What the exercise asks:
As the answer, give exactly the lines of the records below from the one with "Afrique du Nord, Sahara, Algérie, Parc" through the one with "آلبوم باران بزن", ends included and pictures left out.

Material for the task:

= Beginning of Section =

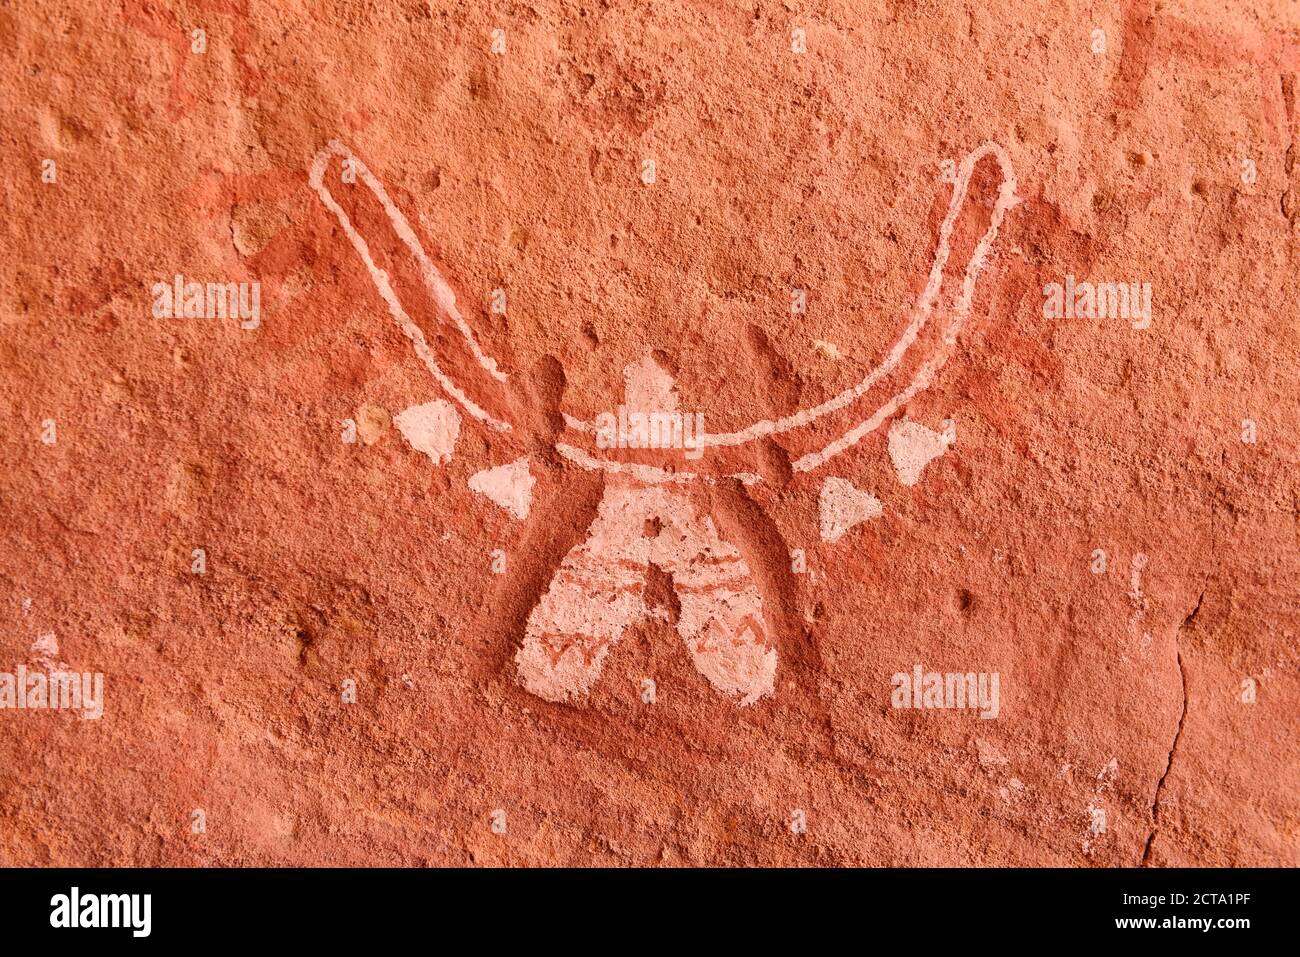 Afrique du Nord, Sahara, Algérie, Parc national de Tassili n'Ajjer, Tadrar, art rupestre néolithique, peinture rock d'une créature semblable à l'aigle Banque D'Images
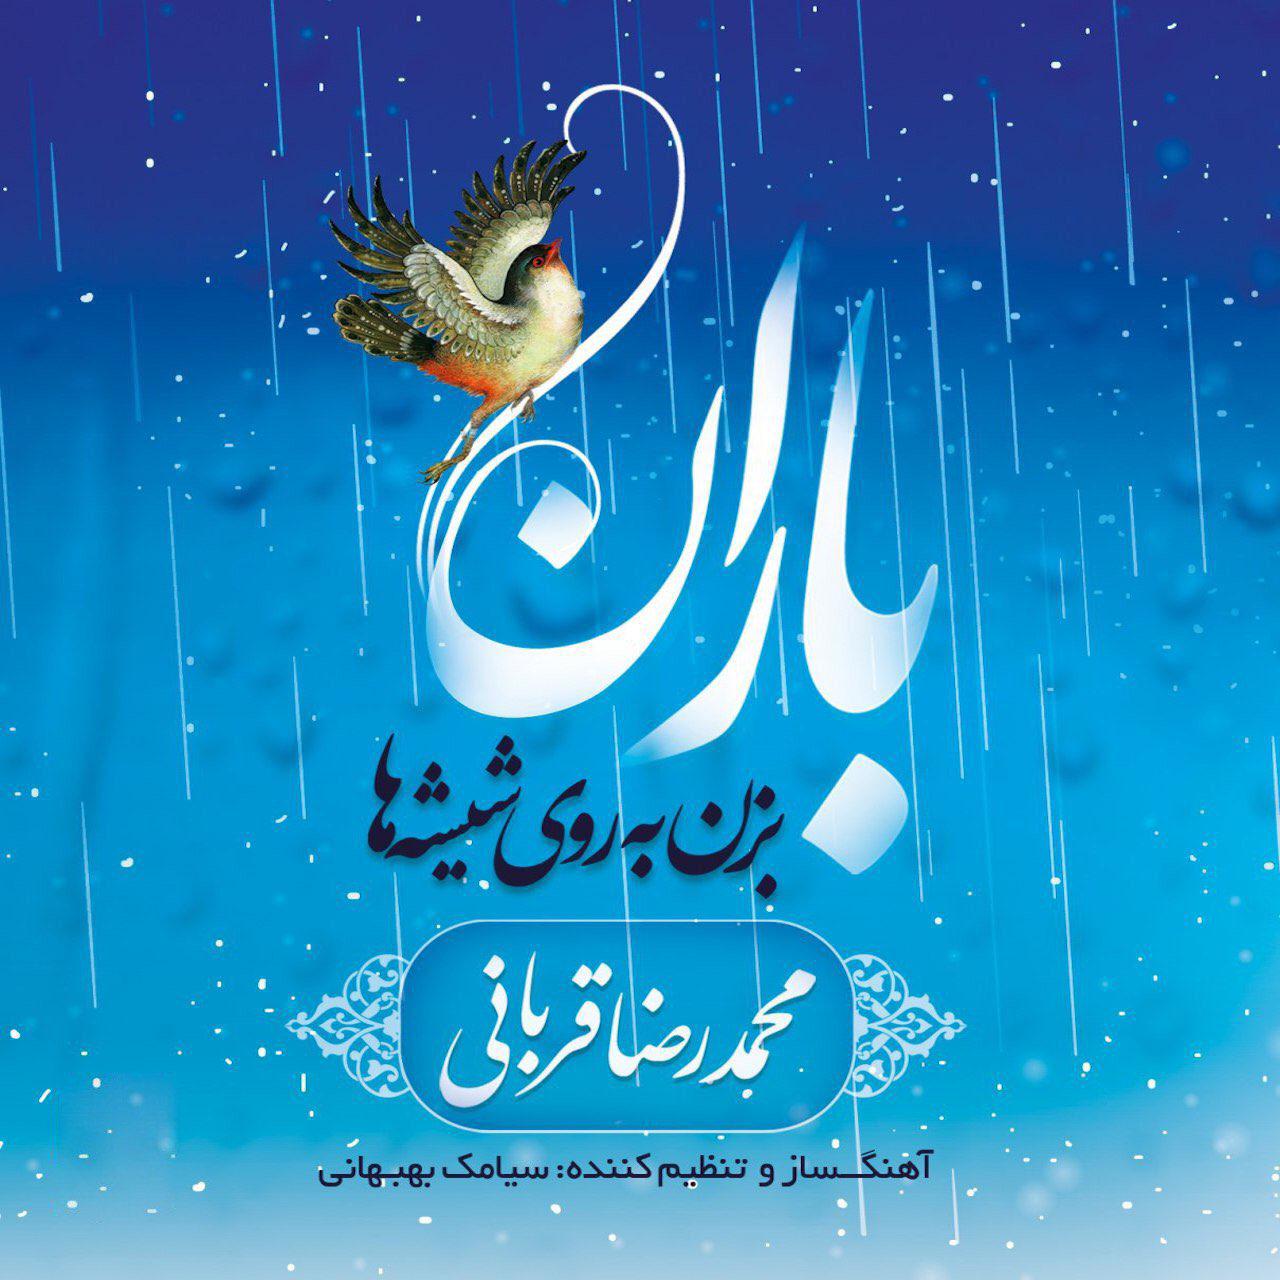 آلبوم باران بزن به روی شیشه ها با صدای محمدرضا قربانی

= End of Section =
= Beginning of Section =

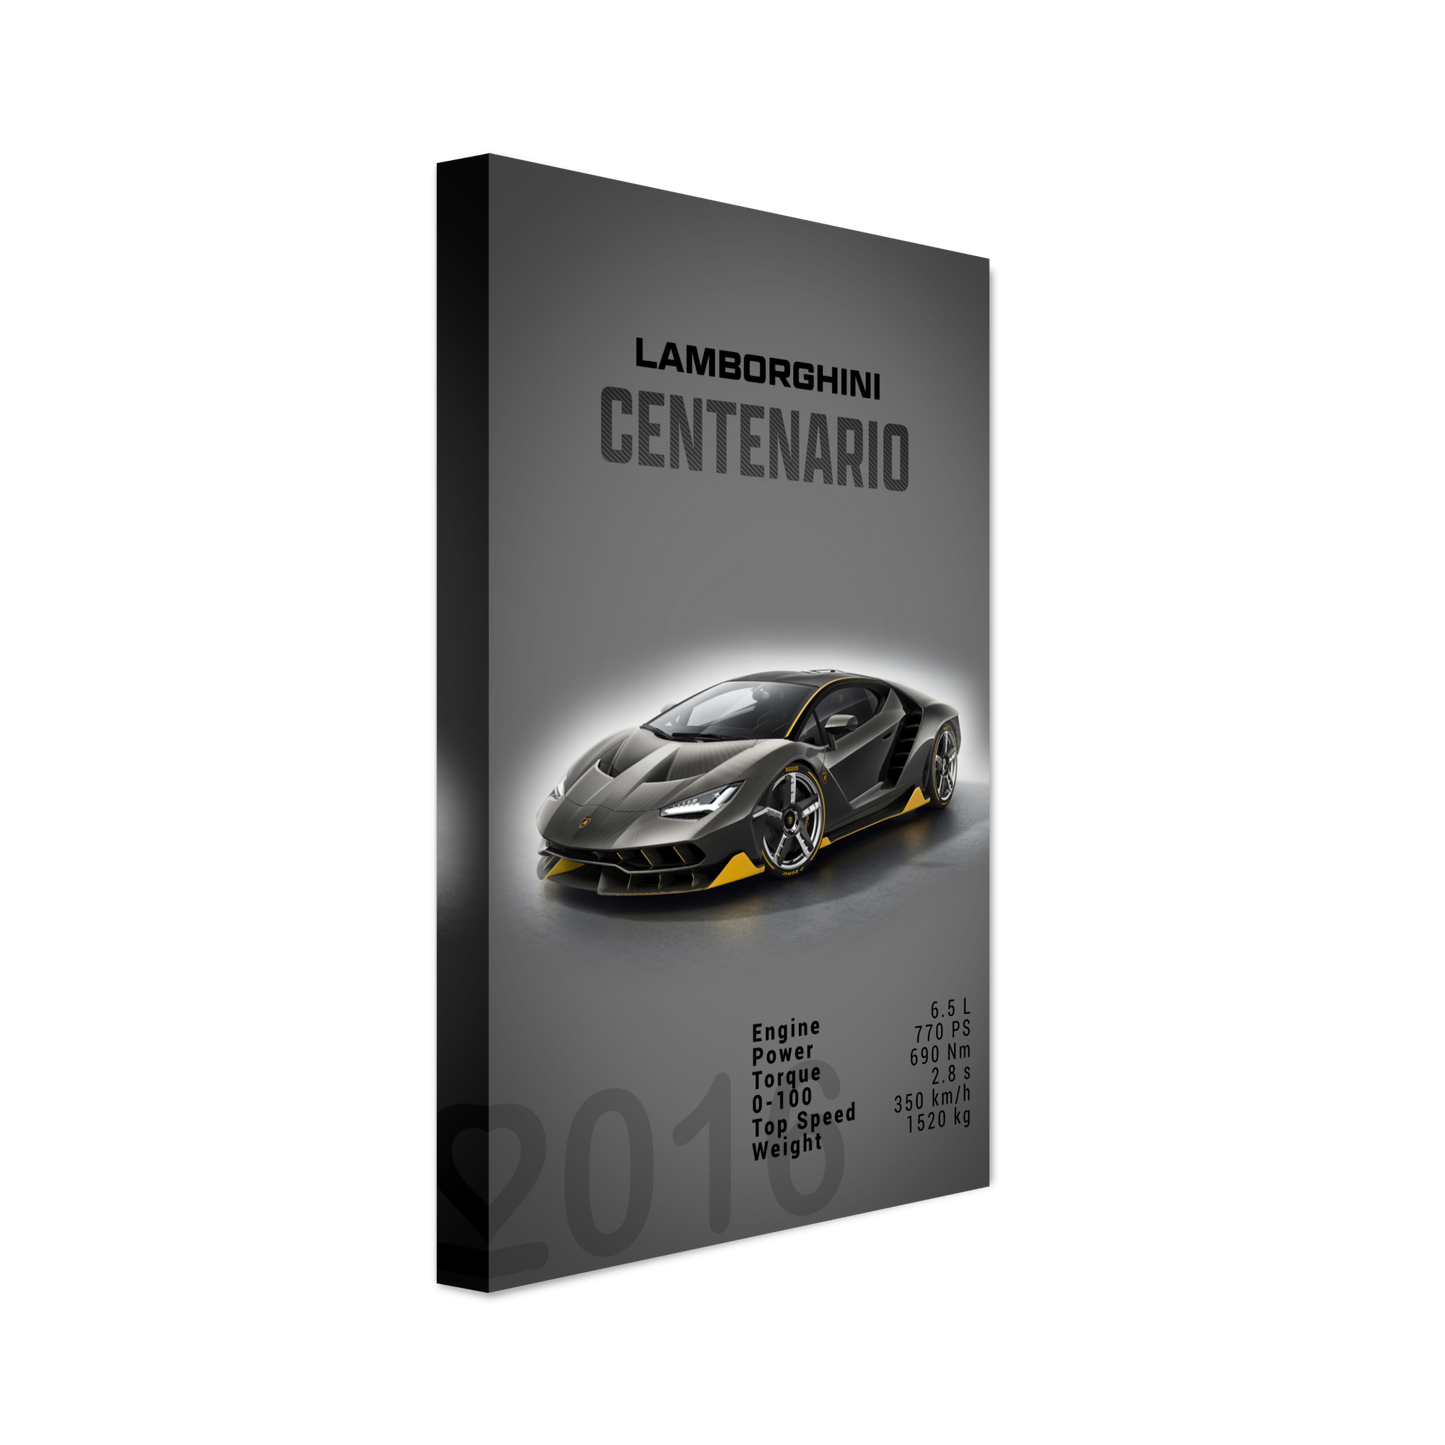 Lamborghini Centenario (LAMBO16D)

= End of Section =

Written solution:
 Afrique du Nord, Sahara, Algérie, Parc national de Tassili n'Ajjer, Tadrar, art rupestre néolithique, peinture rock d'une créature semblable à l'aigle Banque D'Images
 آلبوم باران بزن به روی شیشه ها با صدای محمدرضا قربانی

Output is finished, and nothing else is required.